> _Available data_:
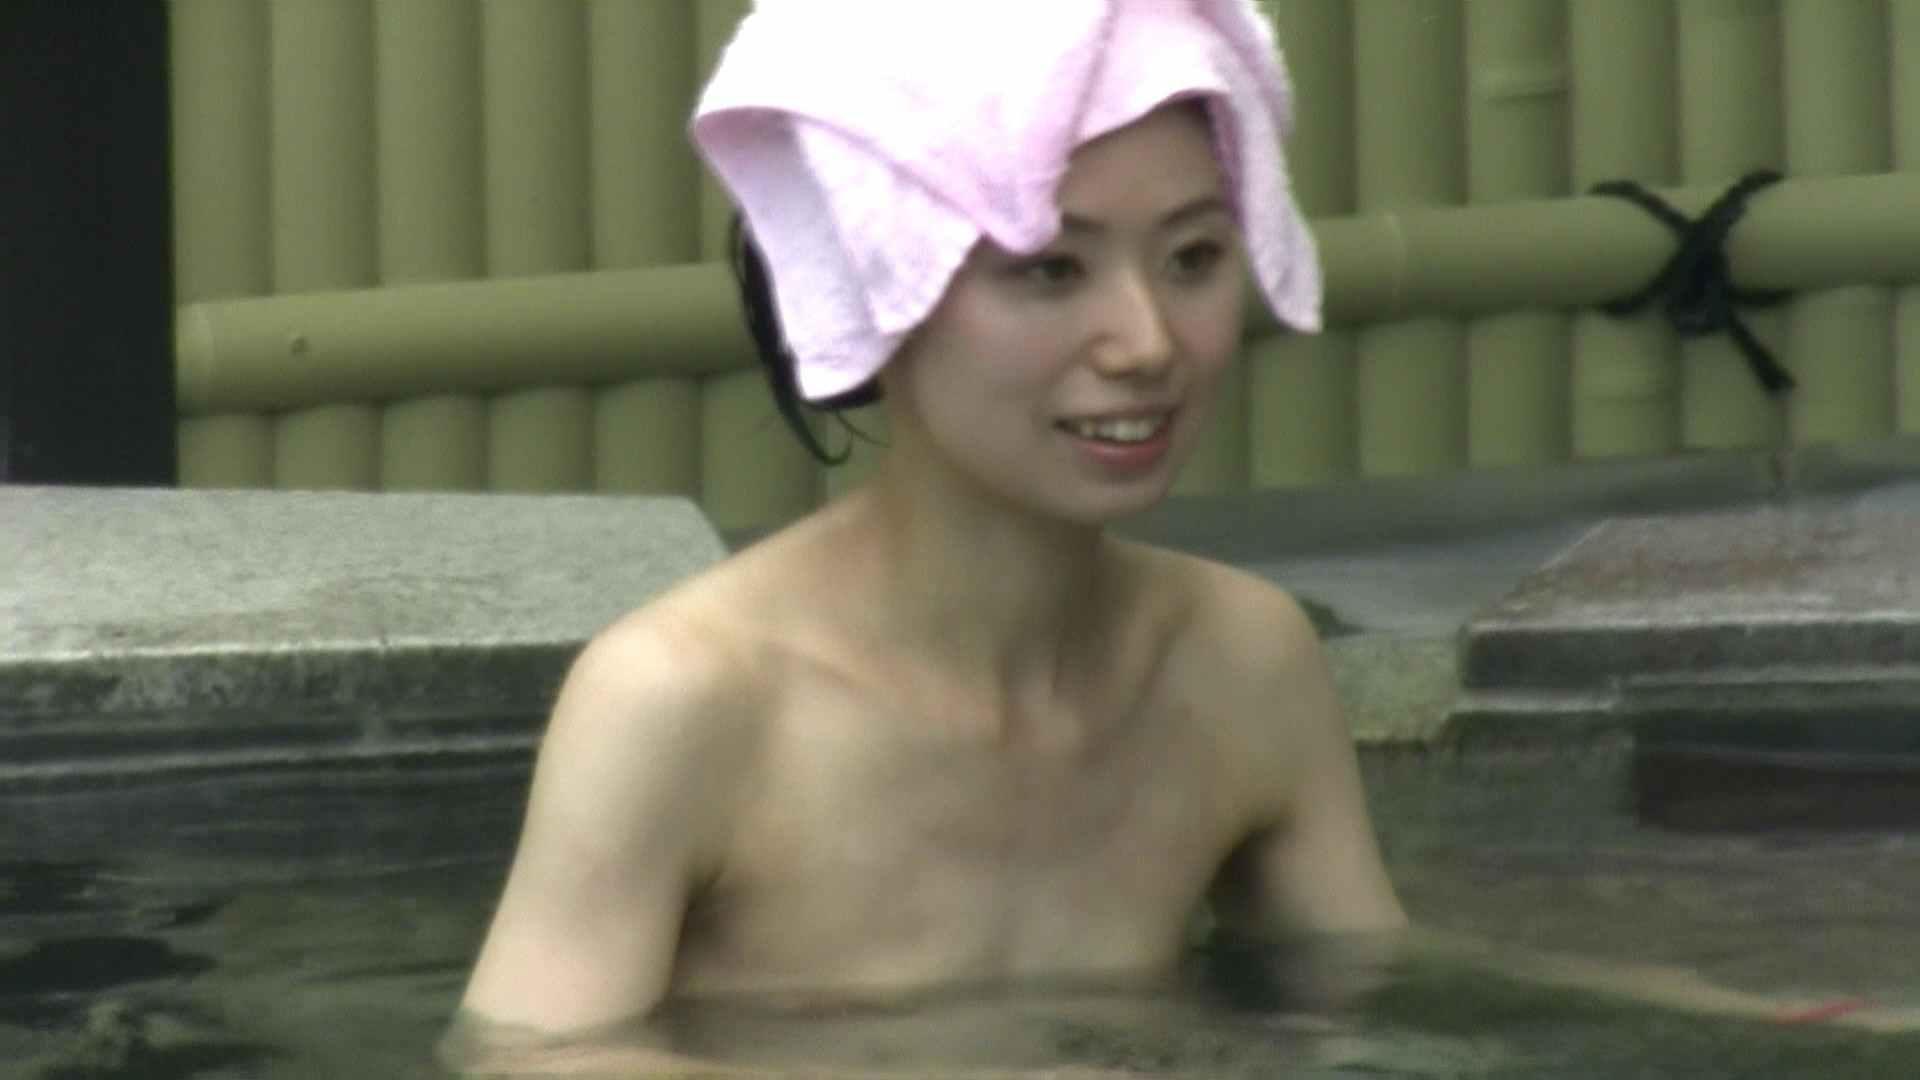 Aquaな露天風呂Vol.666 0  23連発 12
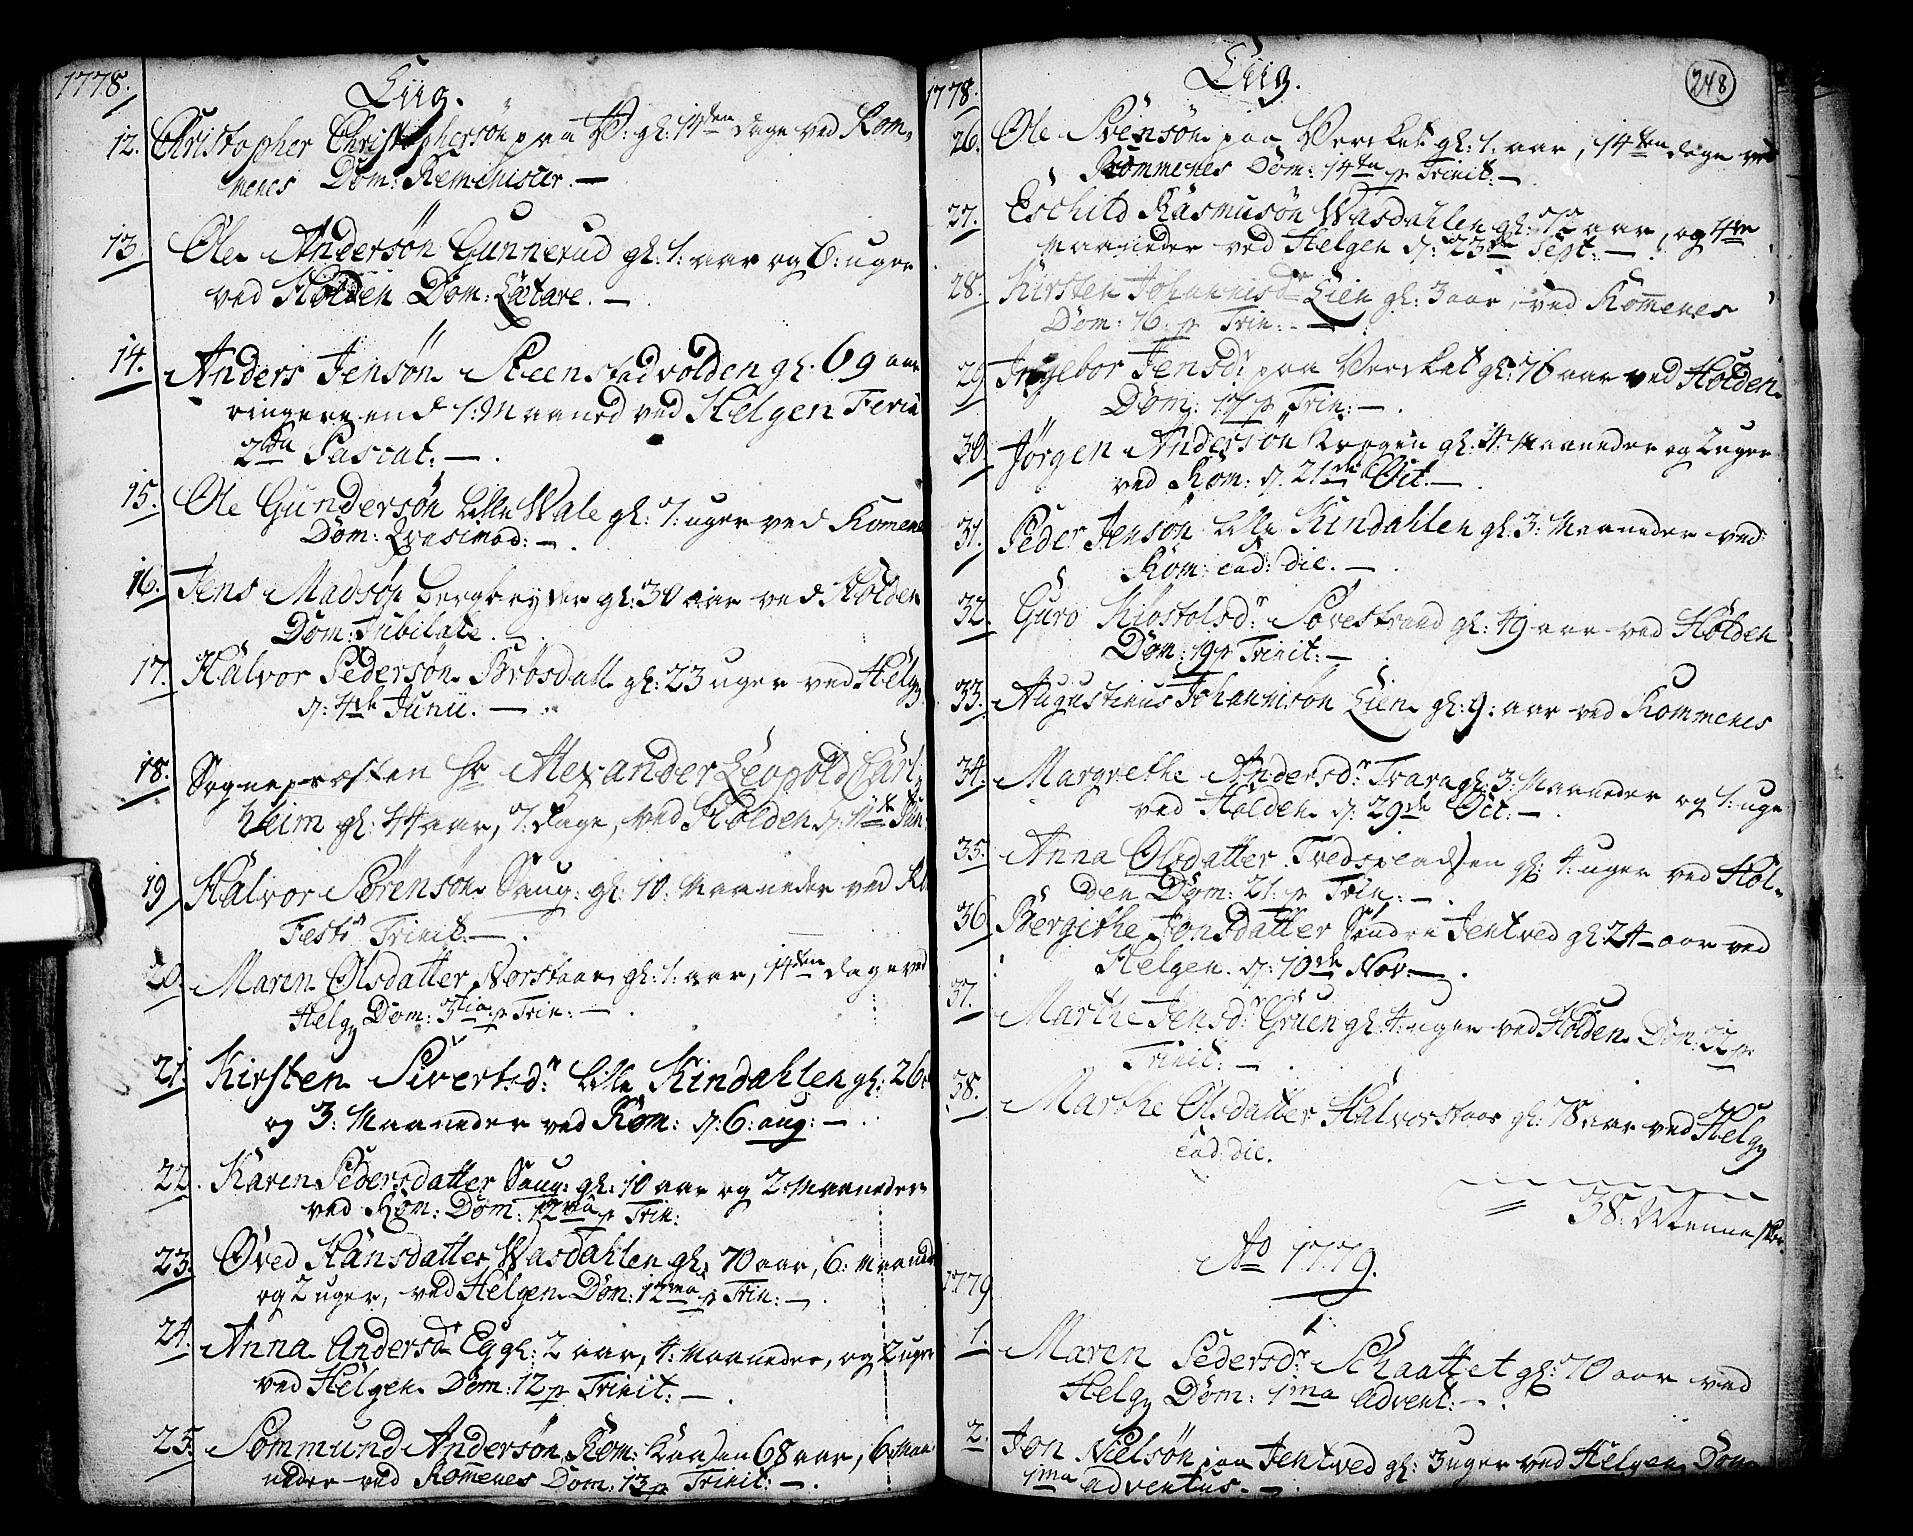 SAKO, Holla kirkebøker, F/Fa/L0001: Ministerialbok nr. 1, 1717-1779, s. 248
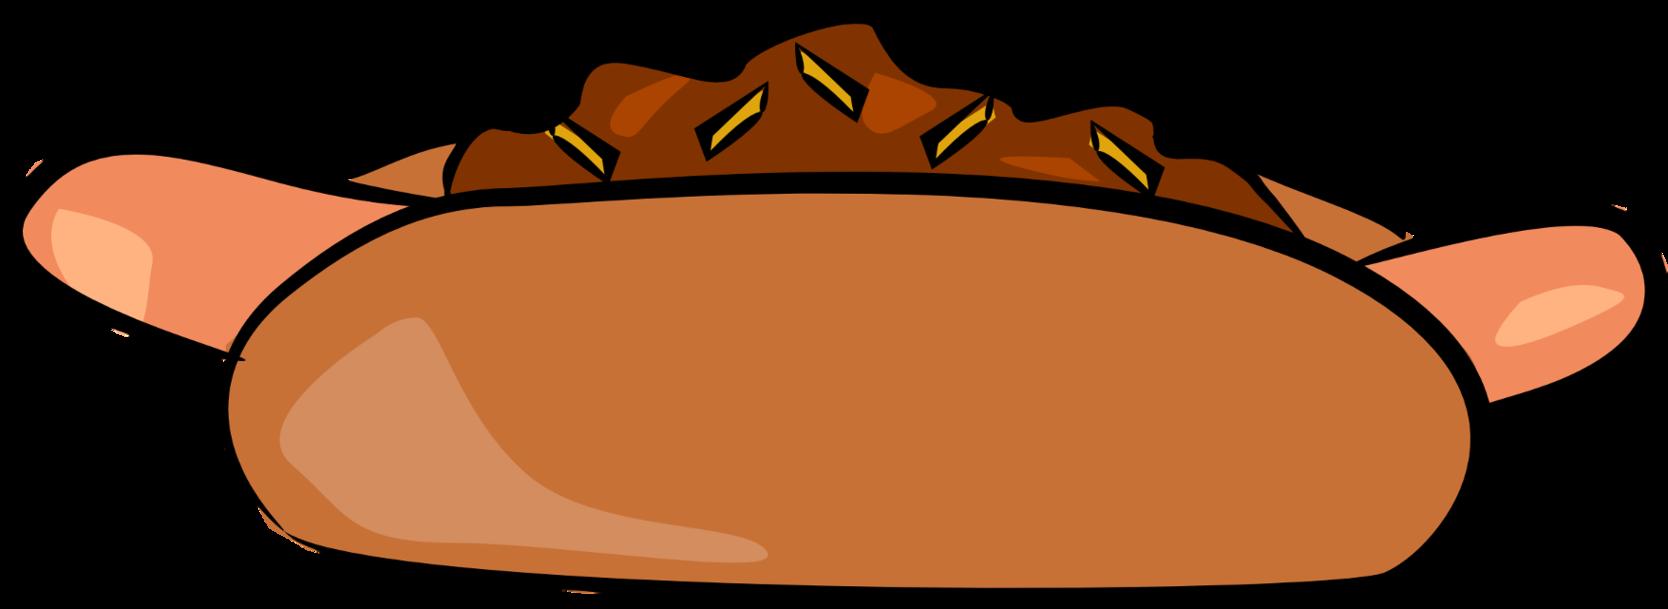 Hot con carne cheese. Hotdog clipart chili dog

> _Task objective_: Retype the full listing exactly; pictures stay out.

> _Result of the task_:
 Aquaな露天風呂Vol.666 0  23連発 12
 SAKO, Holla kirkebøker, F/Fa/L0001: Ministerialbok nr. 1, 1717-1779, s. 248
 Hot con carne cheese. Hotdog clipart chili dog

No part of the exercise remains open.